David Starr Jordan was the founding president of Stanford University. In 1899, he delivered a landmark essay on racial segregation and purity: A Study of the Decay of Races Through the Survival of the Unfit. From this platform, he raised huge sums of money to finance the Eugenics Record Office. At Cold Spring Harbor, the Carnegie Institute organized it. Thus, eugenics took on the appearance of scientific legitimacy.
The ERO produced reports, articles, charts, and genetic information to serve as a scientific basis for eugenics. Then they built on this foundation to advocate for eugenics laws. From those laws came forced sterilization of persons deemed unfit. In America, this was so popular and widespread that it persisted into the 1970s.
A Darker Turn in Germany
Americans had sterilized thousands of people by the early 1930s. So Nazi Germany decided this would be a good idea. American eugenics served as a blueprint. Lulu Miller explains:
“In 1933, Germany passed a law to allow the sterilization of what would eventually become hundreds of thousands of people. An American eugenicist, Joseph DeJarnette, said ‘the Germans are beating us at our own game.’”

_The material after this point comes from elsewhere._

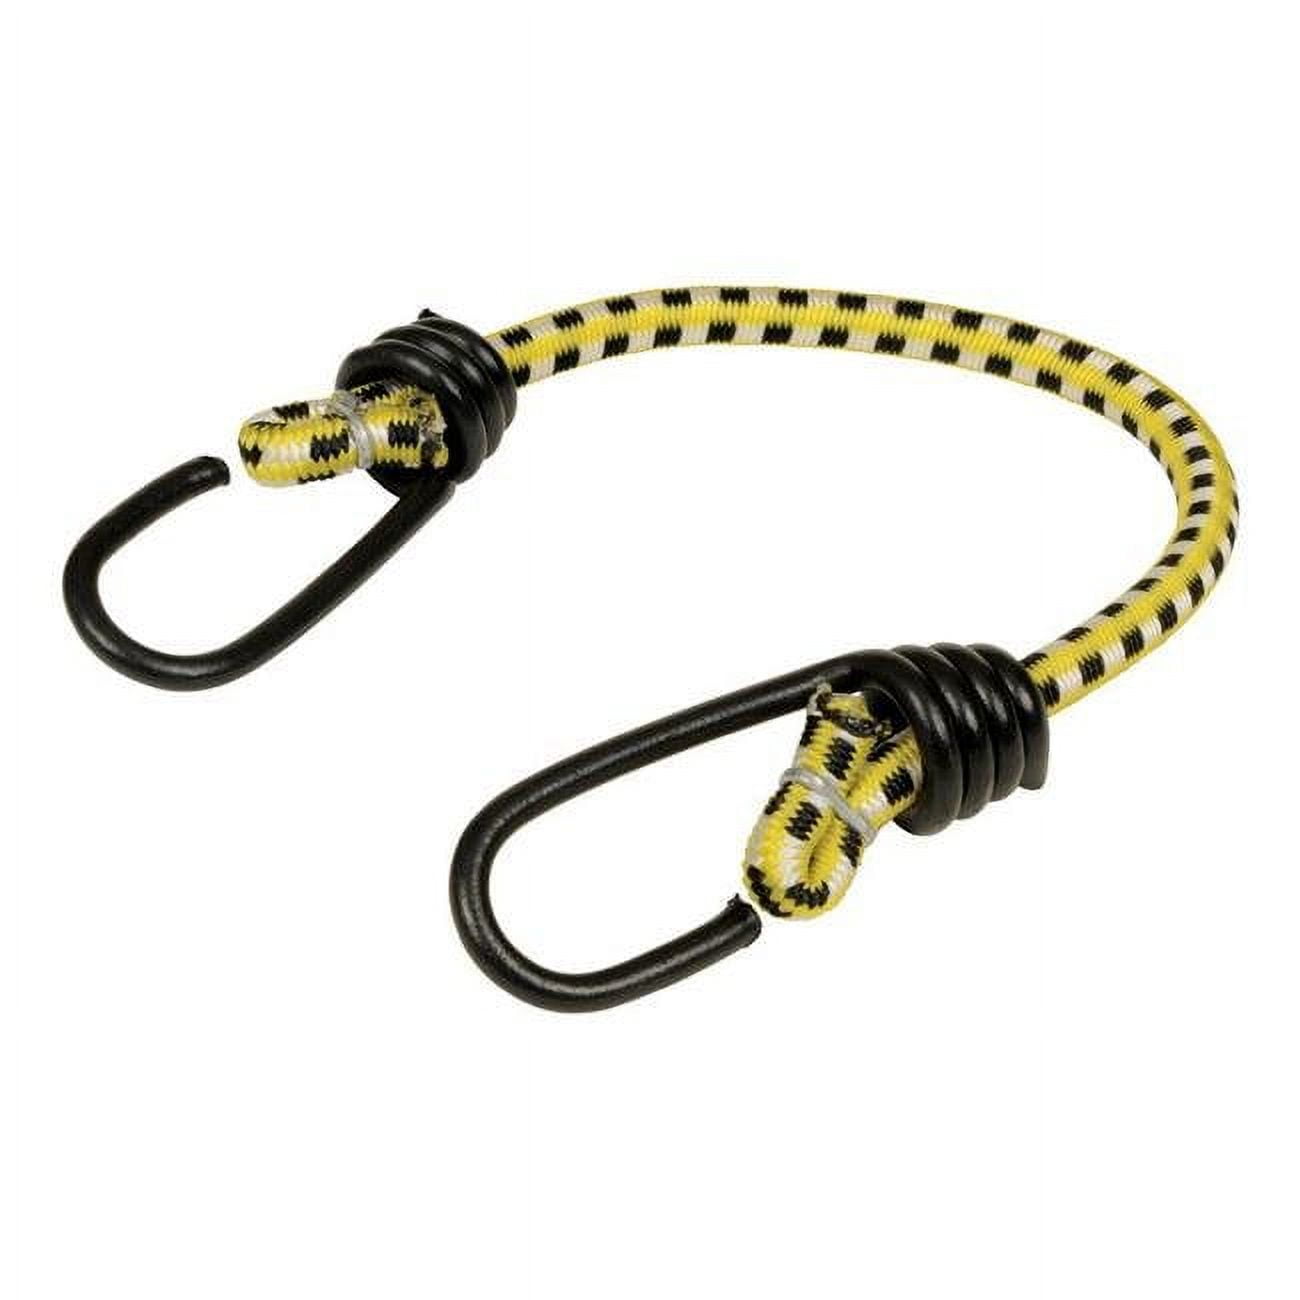 8866295 Yellow Bungee Cord, 13 X 0.315 In. - Case Of 10

Weak Science, Generalizations, and Ethical Lapses
Researchers and research journals have ethical obligations. When they publish weak correlation studies to suggest that a group of people might be inferior, they are failing a test of ethics. This is a pattern we have seen before. Yet two journals have fallen into it again.

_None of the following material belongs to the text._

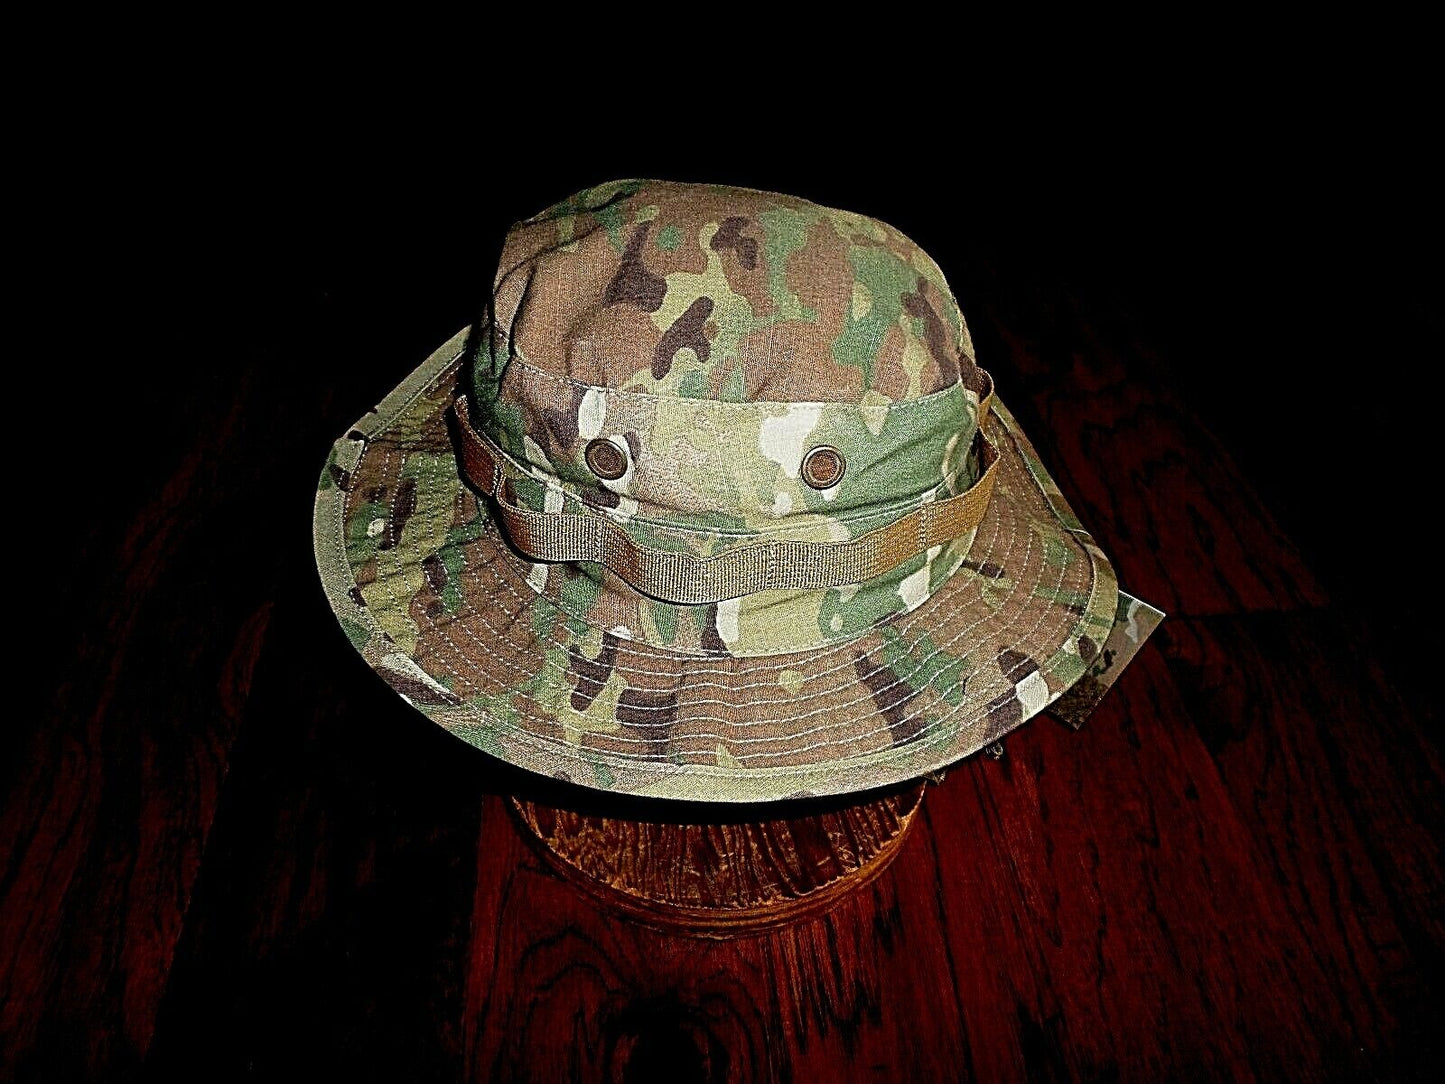 MULTICAM ARMY CAMOUFLAGE BOONIE HAT RIP STOP TYPE II HOT WEATHER HAT MEDIUM

Three months have passed since editors of Scientific Reports posted a notice of concern about an article in their journal. It asserts that people with obesity are dishonest. But they have not yet acted to retract or correct it.
Worse yet, editors of Lifestyle Medicine appear to be defending a paper that asserts people with obesity have low IQs. This is bad science and bad ethics. Both of these journals should admit and correct their mistakes without delay.
For a fascinating view of how the founding president of Stanford laid the groundwork for eugenics in Nazi Germany, we recommend the following podcast.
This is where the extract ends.